3. The correctness and the legality of the grant of these two reliefs by the learned Commissioner (Appeals) in his impugned orders are being questioned in the second appeal before this Tribunal. The ground on which the revenue disputes the correctness of the grant of investment allowance under Section 32A is as follows : The Commissioner (Appeals) erred in holding that the Government of India cannot be considered as a person residing in India for purpose of relief under Section 32A.On the same reason, it also disputed the correctness of Section 80J relief granted.

4. We have also considered this aspect fully and completely in our previous orders in IT Appeal No. 691 (Hyd.) of 1980 dated 31-10-1983 [Since reported in Dredging Corporation of India Ltd. v.

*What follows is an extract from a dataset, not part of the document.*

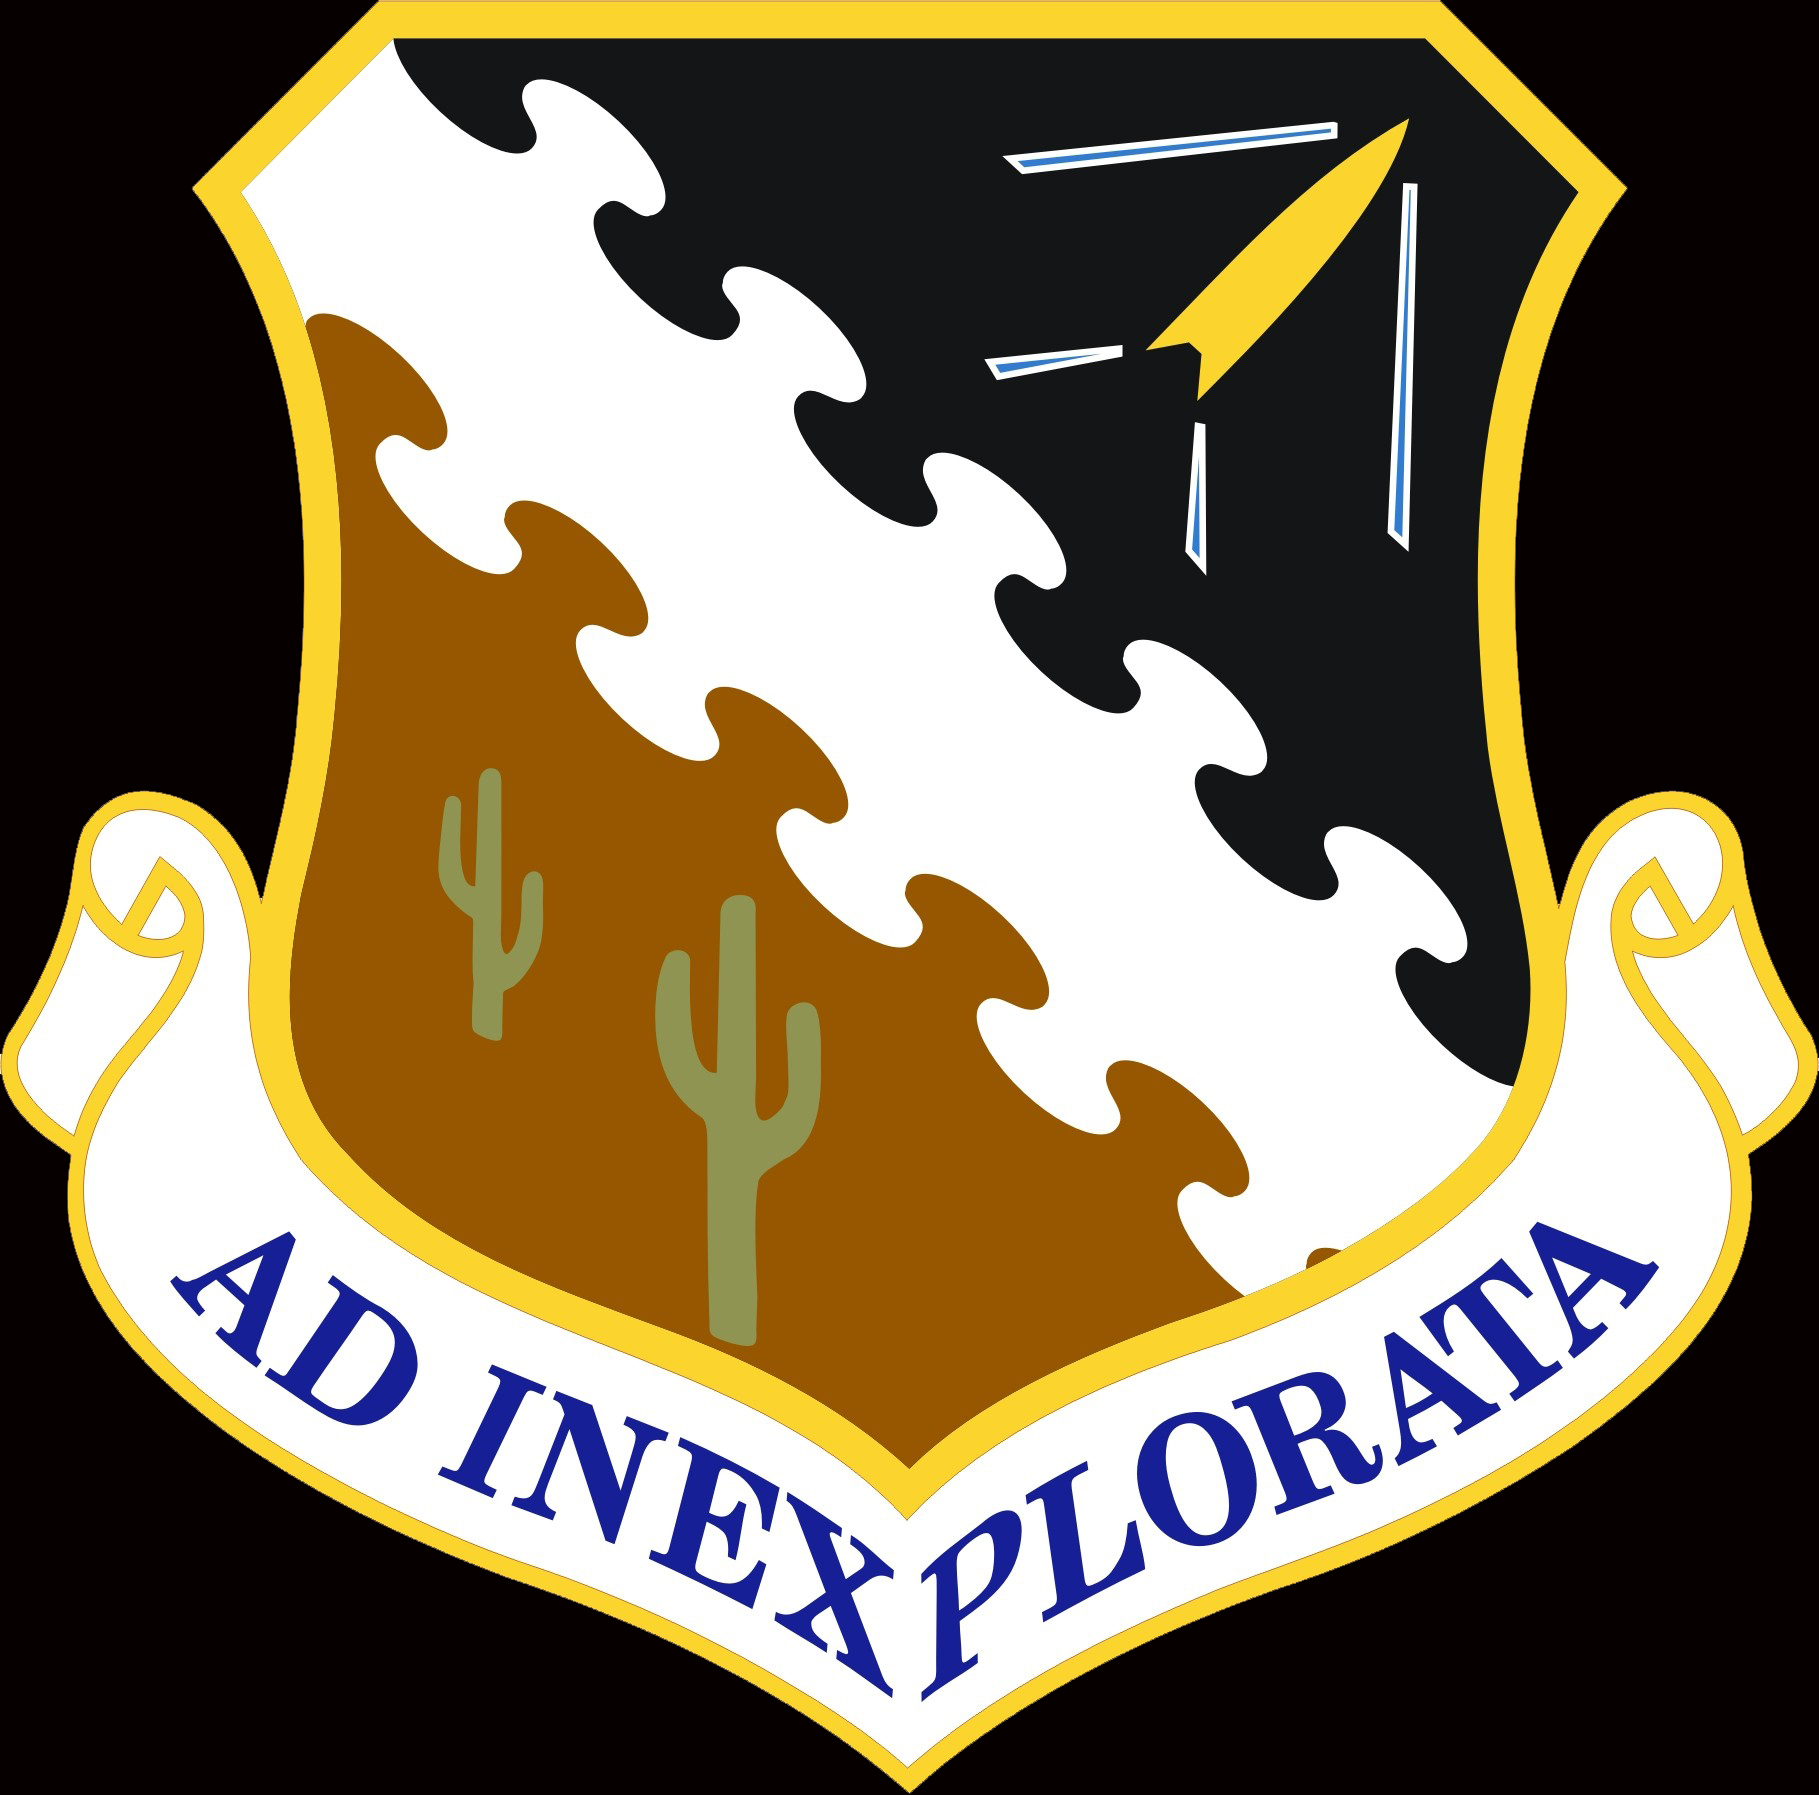  Edwards Air Force base logo.

ITO [1984] 7 ITD 739 (Hyd.)]. The learned counsel for the assessee Shri B.V.Subramanyam argued before us in the appeal that the phrase 'person resident in India' is a technical phrase on the tax statute. He further argued that the dictionary meaning cannot be glibly assigned so as to enlarge the meaning. Authorities from Maxwell, Craes and Bindra's the Interpretation of Statutes were cited for our commendation. Contextual rule also pointed out to the previous owner being a resident assessee, argued the learned counsel. The Government of India cannot be taken to be a 'person' contemplated under the Act, inasmuch as, the person contemplated under the Act should be governed by the provision of the Act as is evident from the test of 'residence' going with it. At page 10 of the Law & Practice of Income-tax by Shri Kanga and Palkhivala, it is said that "[The Income-tax] Act does not bind the Government ; the Government can claim immunity in respect of income received by it as well as in respect of its income received on its behalf by a Government servant in the course of his official duties. ..." When the Act does not bind the Government, the question of definitions under the Act applying to the Central Government does not arise. It is significant that Section 2(31) of the Act includes the local authority and every artificial juridical person and not the Central Government. If the Legislature intended to include the Central Government within the definition of person, it would have included the same along with local authority under the definition. We have accepted this argument advanced by the learned counsel for the assessee-corporation and we hold that we find it difficult to accept the argument of the revenue could be treated as a person resident in India'. Ultimately, we held that the investment allowance is barred only where the purchase is from a person resident in India and that the Government of India is not a person and at any rate such person. The purpose of restricting the allowance only to purchase of ships from person other than 'person resident in India' is said to avoid the grant of such allowance on a ship more than once.

In other words, it should not be possible for the same ship to get the allowance more than once by mere change of hands. Prior use in inland waters by itself is no bar. The object is obviously to encourage shipping industry. Ultimately, we found 'we, therefore, find that this allowance to the assessee even in respect of acquisition from Government of India is quite in accord with the intention of the statute'. Therefore, we granted investment allowance subject to the ITO's satisfaction regarding the other conditions like creation of reserve, etc. We also granted Section 80J relief and we directed that this claim should be considered afresh. What we have held with regard to the other 10 crafts of dredgers which are considered as ships for purposes of investment allowance as well as Section 80J relief, equally apply to Tug No. IV which is the subject-matter of the reassessment and the appeal thereunder. We, therefore, hold that in view of our previous order, which we intend to follow while disposing of this appeal, there are no grounds to disallow the investment allowance as well as Section 80J relief, with regard to Tug No. IV. Both the reliefs were correctly granted according to us by the learned Commissioner (Appeals) and, therefore, there are no grounds to interfere with his order.

5. In the result, the departmental appeal is dismissed as it is found without substance.